Respected Sir, In my linux(Ubuntu 18.04 LTS) in ssh_config, and in
sshd_config there are two line already "SendEnv LANG LC_*" "AcceptEnv LANG
LC_*" respectively. However, ssh vsli1 'echo $WIENROOT' gives nothing
(blank).   The command ssh vsli1 'pwd $WIENROOT' print "/home/vlsi" the
common home directory and
ssh vlsi1 "env"
SSH_CONNECTION=172.27.46.251 44138 172.27.46.233 22
LANG=en_IN
XDG_SESSION_ID=47
USER=niel
PWD=/home/niel
HOME=/home/niel
SSH_CLIENT=172.27.46.251 44138 22
LC_NUMERIC=POSIX
MAIL=/var/mail/niel
SHELL=/bin/bash
SHLVL=1
LANGUAGE=en_IN:en
LOGNAME=niel
DBUS_SESSION_BUS_ADDRESS=unix:path=/run/user/1000/bus
XDG_RUNTIME_DIR=/run/user/1000
PATH=/usr/local/sbin:/usr/local/bin:/usr/sbin:/usr/bin:/sbin:/bin:/usr/games:/usr/local/games
_=/usr/bin/env

this is similar as server, and other nodes.

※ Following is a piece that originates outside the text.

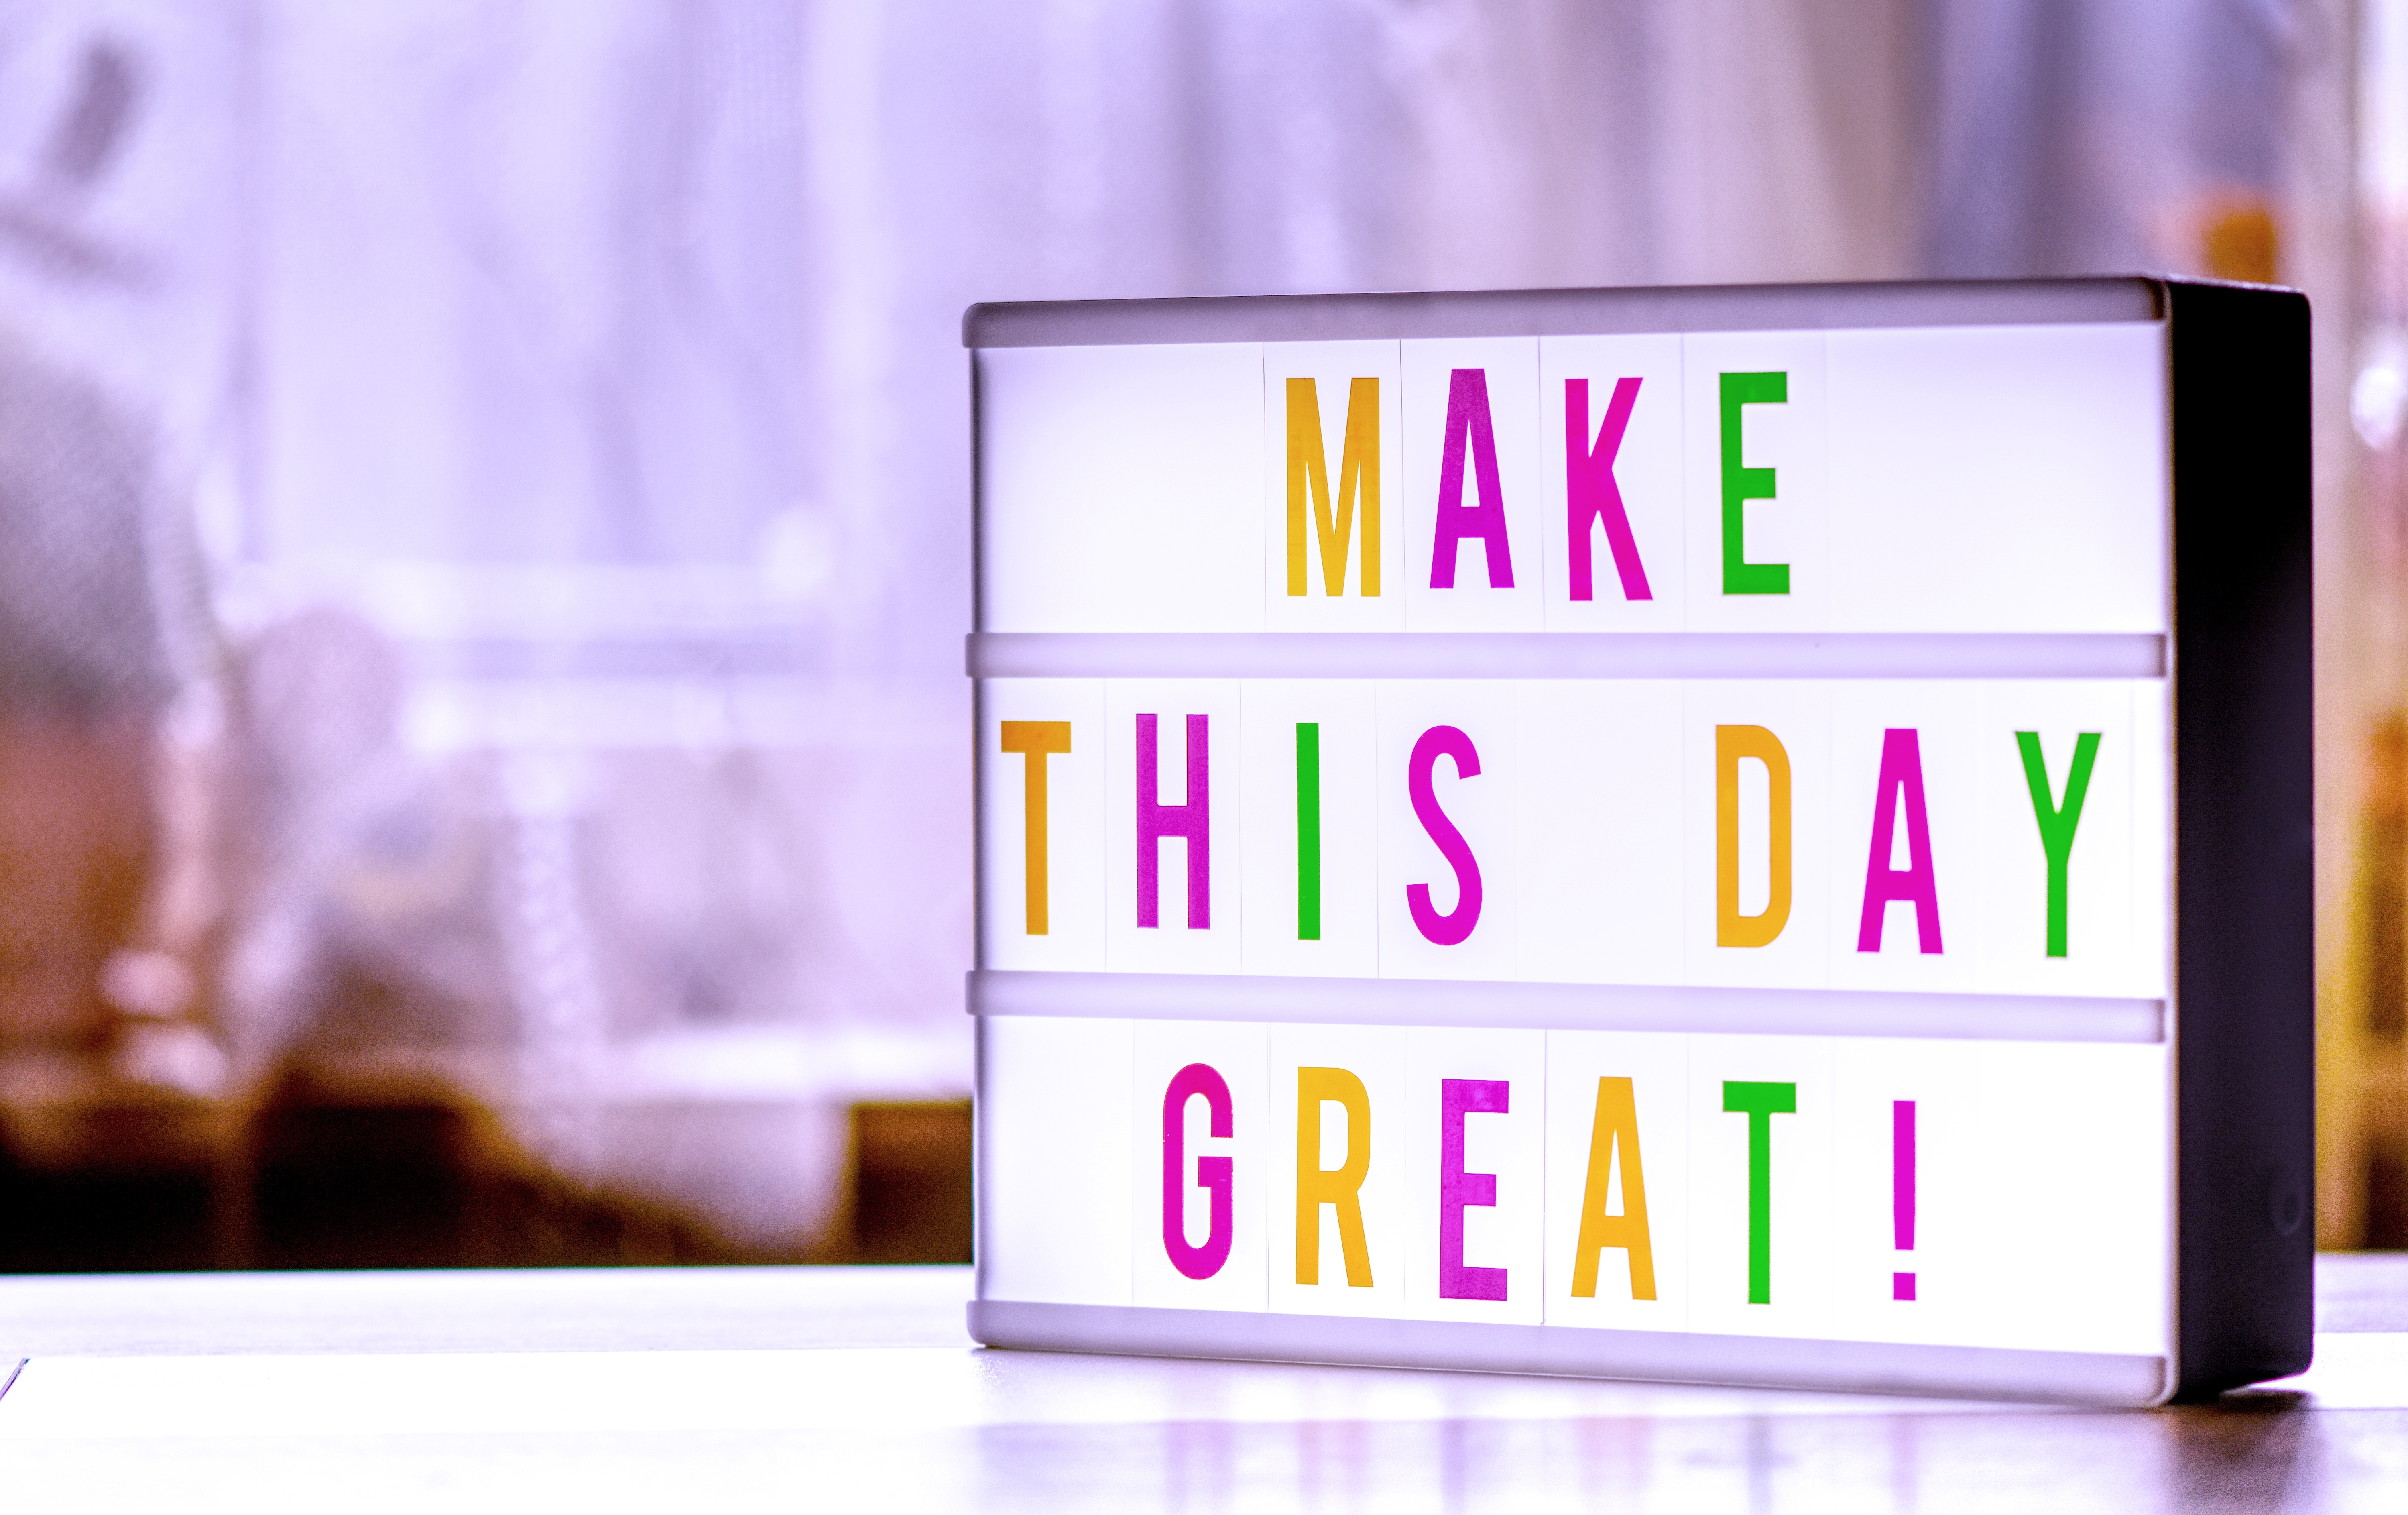 HD wallpaper, Motivational, Cinematic Light Box, 5K, Encouragement, Make This Day Great

Sir After changing the parallel option file in $WIENROOT in server to

setenv TASKSET *"yes" from "no"*
if ( ! $?USE_REMOTE ) setenv USE_REMOTE 1
if ( ! $?MPI_REMOTE ) setenv MPI_REMOTE 1
setenv WIEN_GRANULARITY 1
setenv DELAY 0.1
setenv SLEEPY 1
setenv WIEN_MPIRUN "mpirun -np _NP_ -machinefile _HOSTS_ _EXEC_"
setenv CORES_PER_NODE 1

the error is not coming but the program is not increasing steps after lapw0
it stuck in lapw1


what should be the parallel option file in server and all client node?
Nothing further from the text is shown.